In natural water bodies such as lakes, thermal stratification typically manifests as a three-layered structure: the epilimnion (warm surface layer), the metalimnion (thermocline with rapid temperature change) and the hypolimnion (cold bottom layer). The stability and duration of these layers are influenced by factors including solar radiation, wind mixing and the lake’s morphology. For instance, deep lakes often exhibit stable stratification during summer months, which can lead to hypoxic conditions in the hypolimnion due to limited oxygen replenishment [11,12,13]. Conversely, shallow lakes may experience frequent mixing events, preventing the establishment of persistent stratification.
Artificial water bodies, such as reservoirs, also undergo thermal stratification that can differ from natural systems. In reservoirs, thermal stratification is primarily driven by solar radiation, which heats the surface water, making it less dense than the cooler, deeper water. This density difference inhibits vertical mixing, leading to the development of stratified layers. Several factors, such as meteorological conditions, reservoir bathymetry and morphology, operation, as well as water inflow and outflow influence the formation and stability of these layers:
Increased air temperatures enhance stratification strength, while wind-induced mixing can disrupt stratification by deepening the thermocline. For instance, a study on the Tianbao Reservoir in Southwest China found that a 10% rise in air temperature increased stratification strength by 18%, and a 3 m/s rise in wind speed deepened the thermocline by approximately 2.09 m [14]. The bathymetry and morphology of a reservoir, along with its operational schemes, significantly affect stratification. Deep reservoirs tend to have more stable stratification. Operational practices, like selective withdrawal, can manipulate stratification patterns. For example, in a monomictic reservoir, deep hypolimnetic withdrawals promoted a thicker epilimnion with lower thermal stability, while shallow withdrawals resulted in a narrower epilimnion with higher thermocline strength [15,16]. The temperature and volume of the water inflow and outflow can influence stratification. Cold inflows can underflow and settle in the hypolimnion, while warm inflows may interflow or overflow, depending on their density relative to the reservoir water. These dynamics affect nutrient distribution and oxygen levels within the reservoir. Stratification also complicates water treatment processes by altering the chemical composition of water withdrawn from different depths. Selective withdrawal strategies are often employed to manage water quality, balancing the needs for temperature, oxygen levels and contaminant concentrations.

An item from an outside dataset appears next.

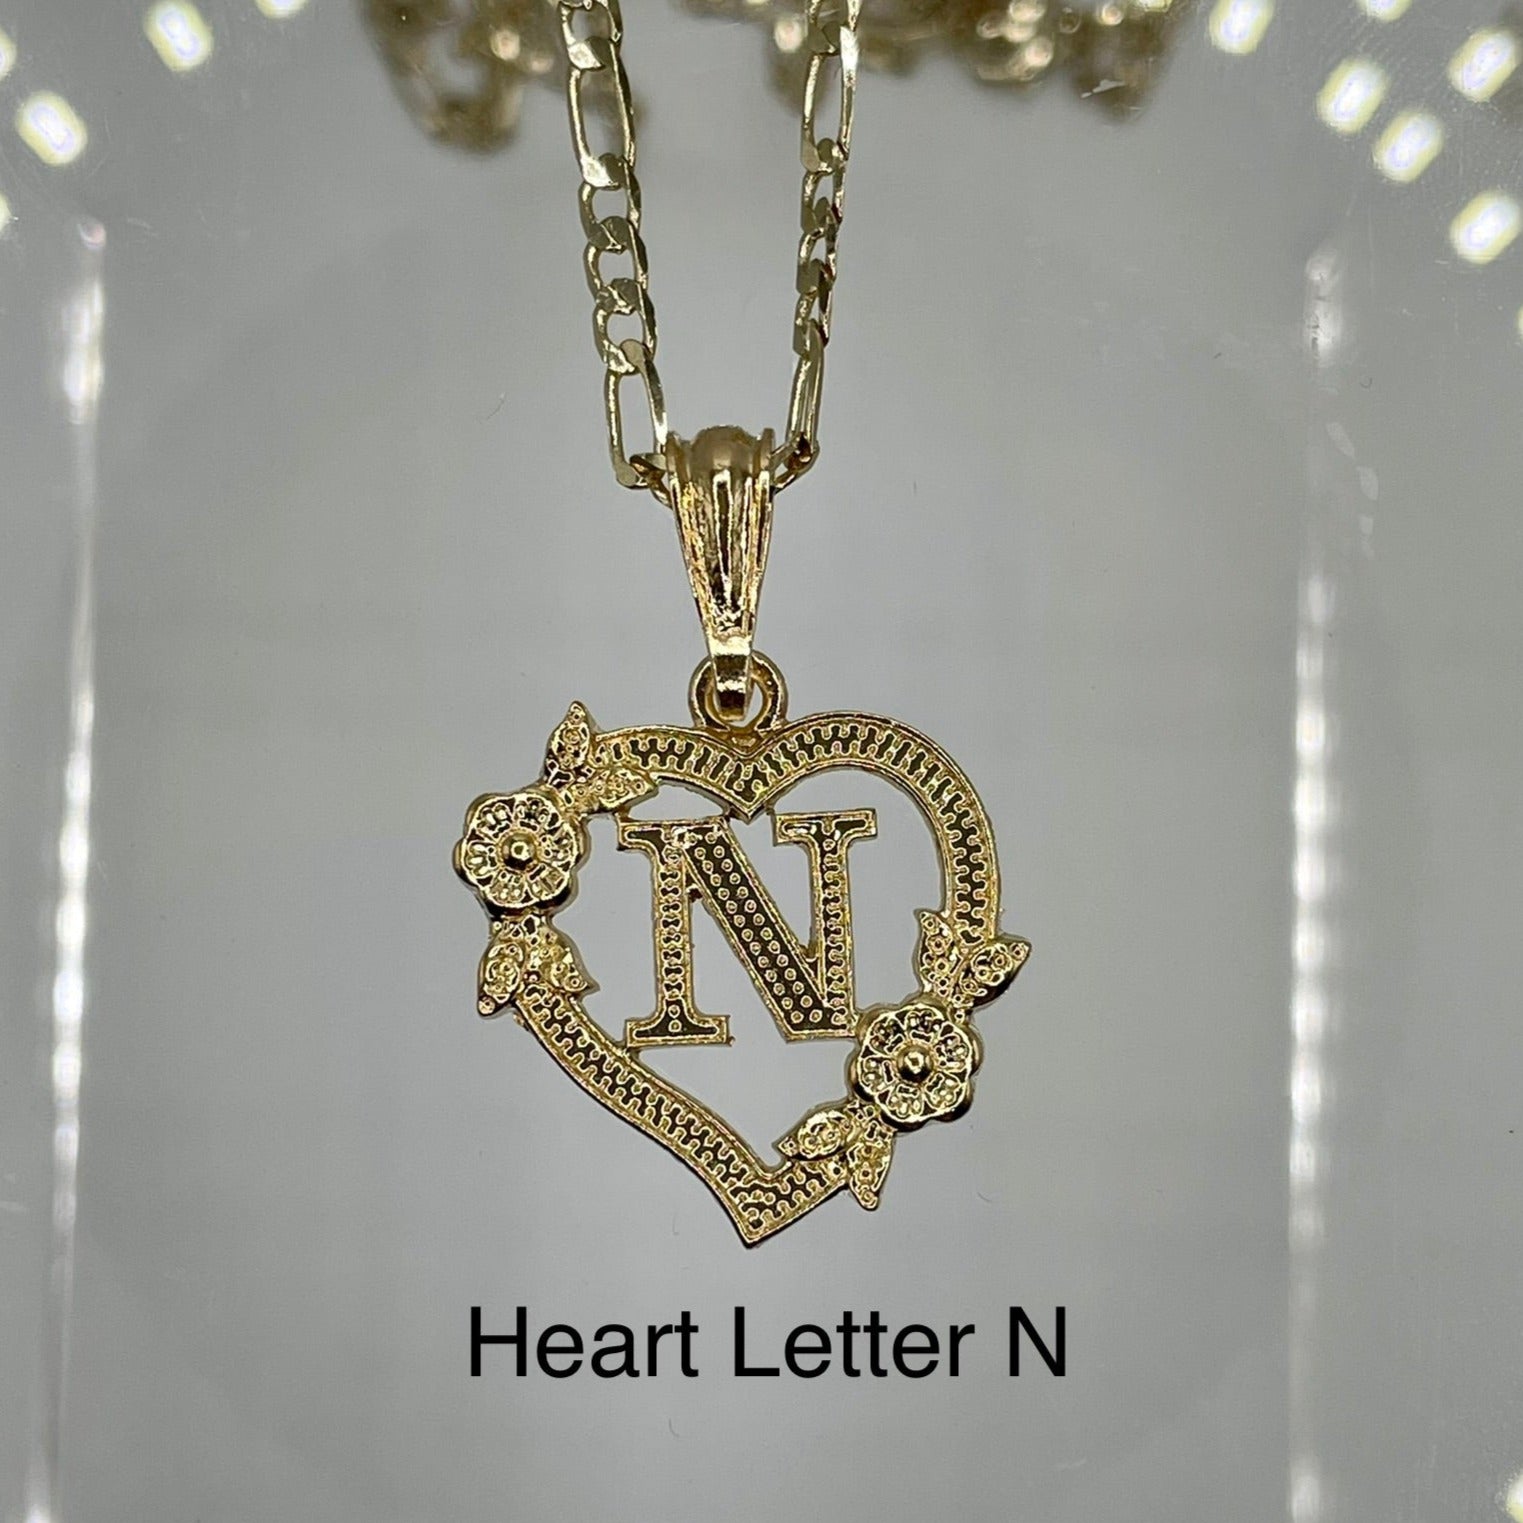 Heart letter N pendant. Gold heart pendant. Letter pendants.

Dissolved oxygen in temperate lakes and reservoirs has shown a decreasing trend during the last decades, and an increasing number of cases presenting seasonally hypoxic or anoxic deep-water layers has been reported [17,18,19], raising concerns about the water quality and ecological status of the systems. This is probably associated with climate change as rising global temperatures lead to the earlier onset and prolonged duration of stratification, intensifying hypoxic conditions in bottom waters [5]. A study on the Xin’anjiang Reservoir in China projected that surface water temperatures would increase by up to 3.8 °C by the end of the century, extending stratification periods by up to 36 days [20]. Moreover, changes in precipitation patterns and the increased frequency of extreme weather events can disrupt traditional mixing regimes, leading to unpredictable stratification patterns and associated ecological impacts.

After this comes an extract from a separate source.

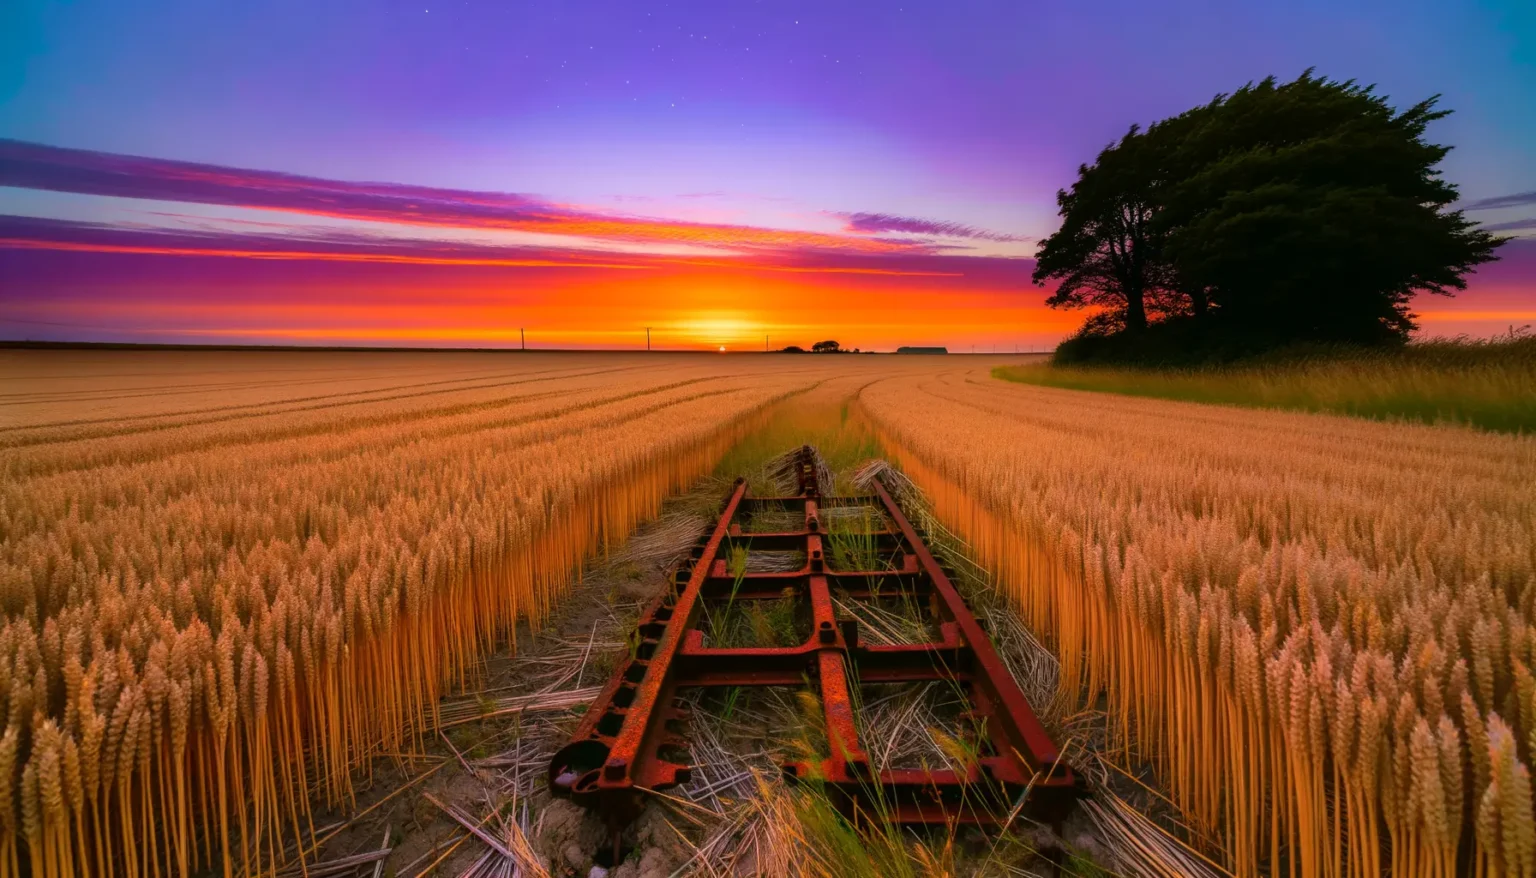 Ein leuchtender Sonnenuntergang mit einem farbenfrohen Himmel in lila und orangen Tönen über einem Weizenfeld, durch das sich eine verrostete, aufgegebene Feldbahn zieht. Ein Baum steht im Wind an der rechten Seite des Feldes, das Bild vermittelt eine Atmosphäre der Ruhe und des Vergehens.

Understanding the mechanisms and implications of thermal stratification in both natural and artificial water bodies is crucial for effective water resource management, ecological conservation and the mitigation of issues such as algal blooms and hypoxia. This brings a necessity to modeling and simulating thermal stratification in water reservoirs, aiding in management decisions. These models incorporate detailed vertical temperature profiles and reservoir geometries to simulate stratification dynamics accurately. For example, a multilayer reservoir stratification model applied to 1400 reservoirs in the United States demonstrated improved predictions of surface and outflow temperatures, enhancing the understanding of anthropogenic impacts on hydrological and ecological cycles [21].

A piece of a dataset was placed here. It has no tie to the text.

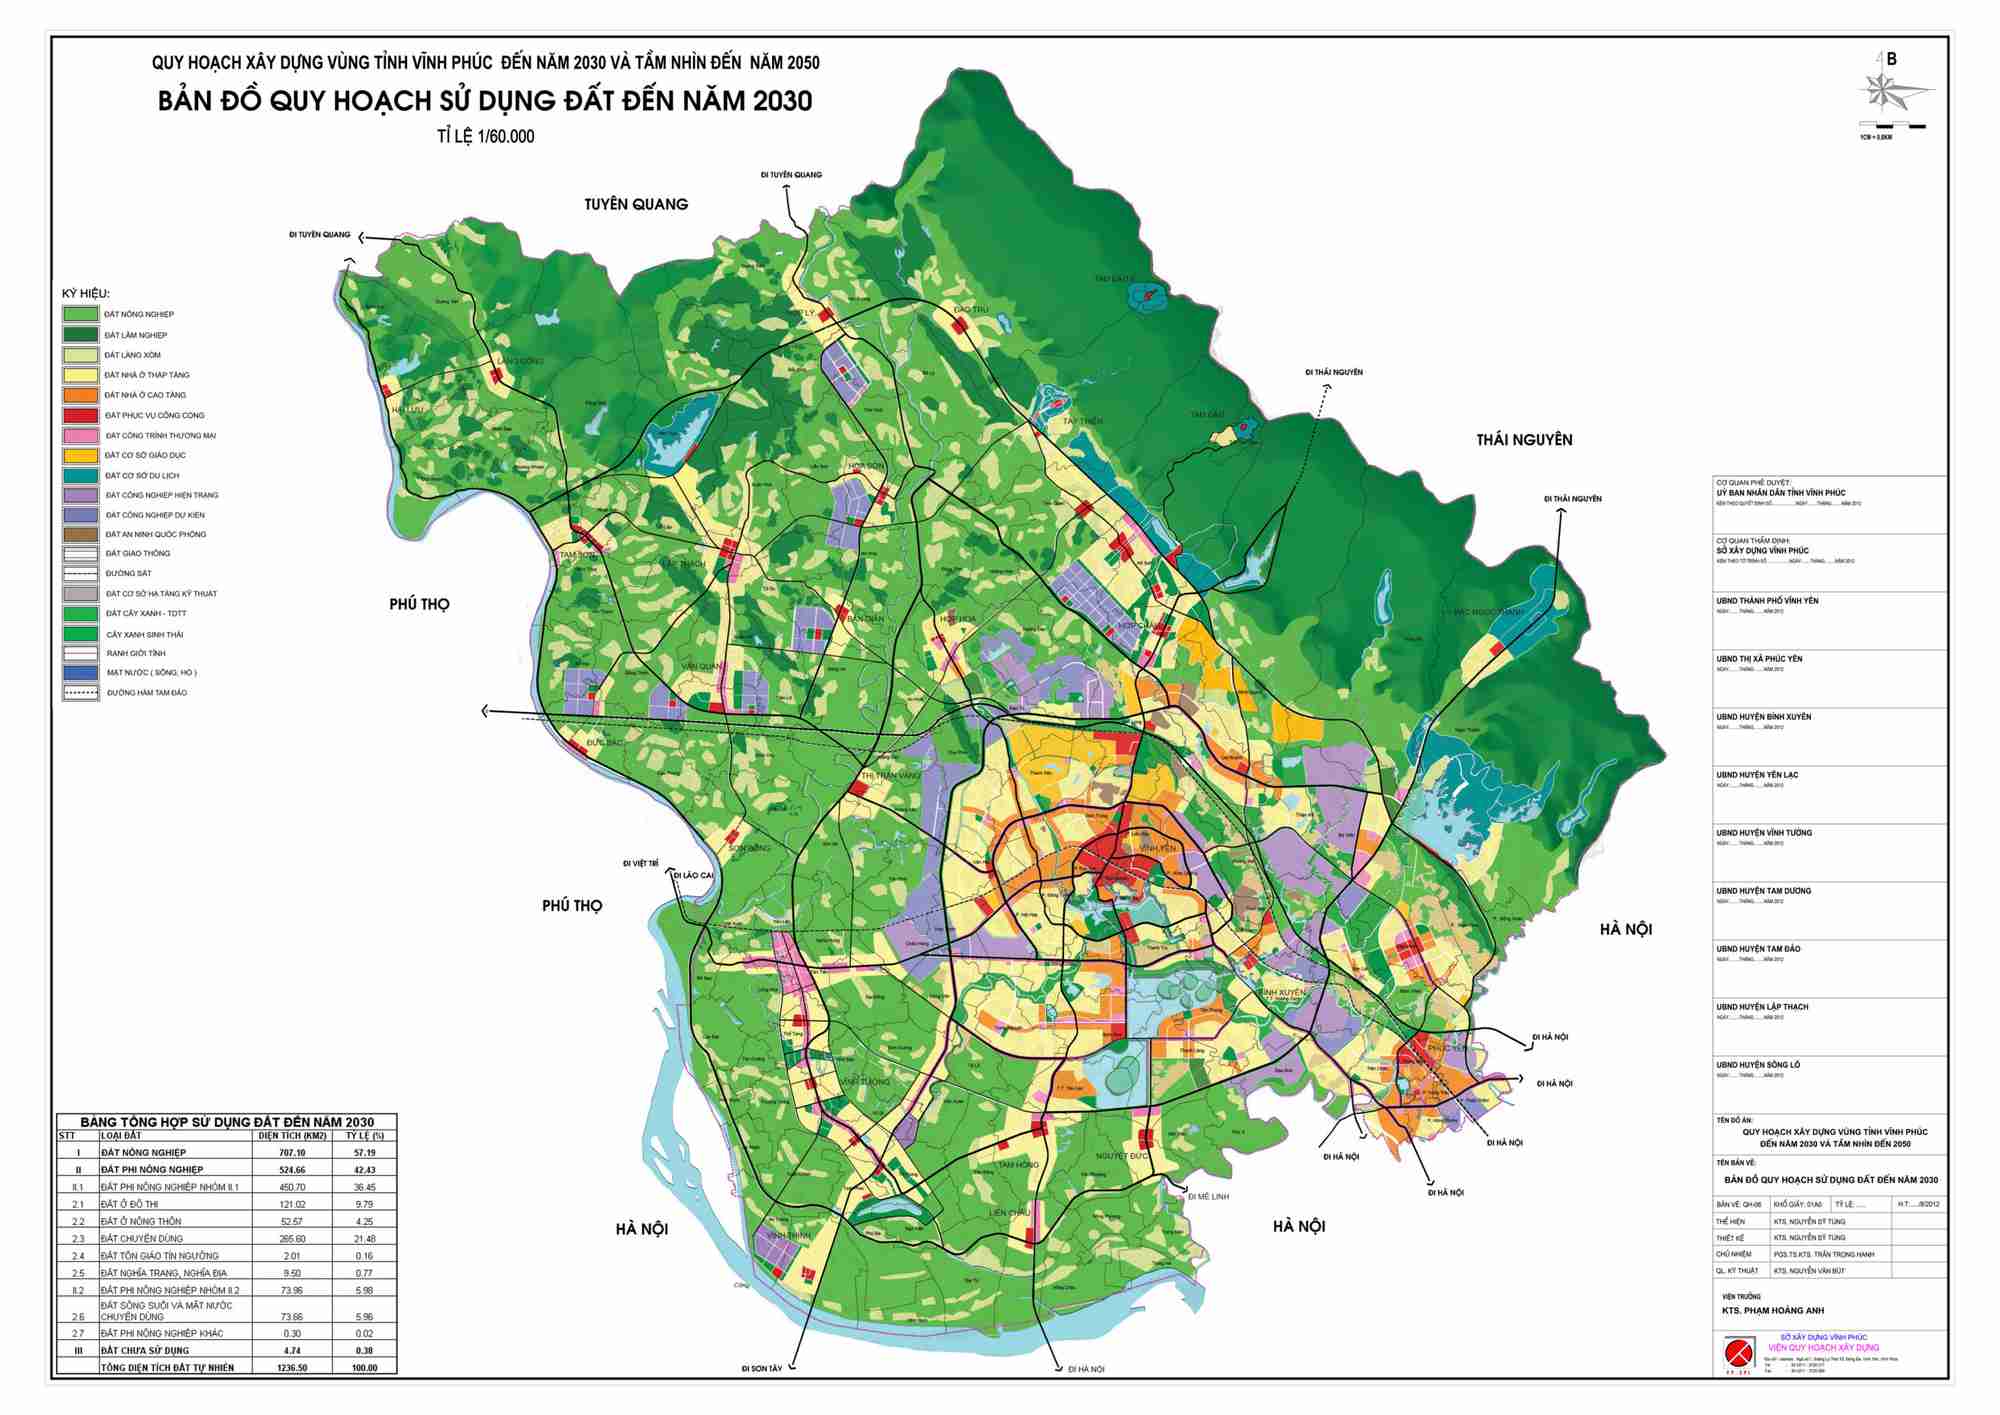 Bản đồ quy hoạch sử dụng đất đến năm 2022 ở Vĩnh Phúc

In Greece these models are rare, especially in artificial reservoirs, because modeling thermal stratification variability is a complex process influenced by climatic, morphological and operational factors.
This study aims to investigate the variability of water column stratification in the Pinios Dam reservoir, an artificial lake located in Western Greece, along with the seasonal fluctuations in key physicochemical parameters, including manganese (Mn) and iron (Fe). To achieve this, a detailed bathymetric survey was carried out, and four monitoring stations were established. Seasonal profiles of the water column were recorded, measuring parameters such as pH, temperature, conductivity, dissolved oxygen and concentrations of Mn and Fe. The findings have important implications for water quality, ecosystem dynamics and reservoir management, highlighting the need for a thorough understanding and the development of proactive strategies to address potential adverse effects—particularly in the context of climate change.
2. Materials and Methods
2.1. Study Area
The study area is the Pinios Dam reservoir, which is located at the Ilia Regional Unit Northwest Peloponnese, Greece (Figure 1). The Pinios Dam is a heterogeneous, earth-filled structure with a height of 50 m and a length of 2175 m. It is one of the oldest and longest dams in Greece and has been in operation for 57 years (construction completed in 1968). The dam’s reservoir is an important multipurpose water body as it serves both drinking and irrigation purposes in the region. It covers an area of approximately 20 km2 and collects surface water from a 673.41 km2 catchment area, with a designed total capacity of 420 × 106 m3 and a maintained capacity of 50 × 106 m3 to support ecological balance [22]. The inflow of the reservoir is mainly located in the Southeastern, Eastern and Northeastern parts of the reservoir (Figure 2).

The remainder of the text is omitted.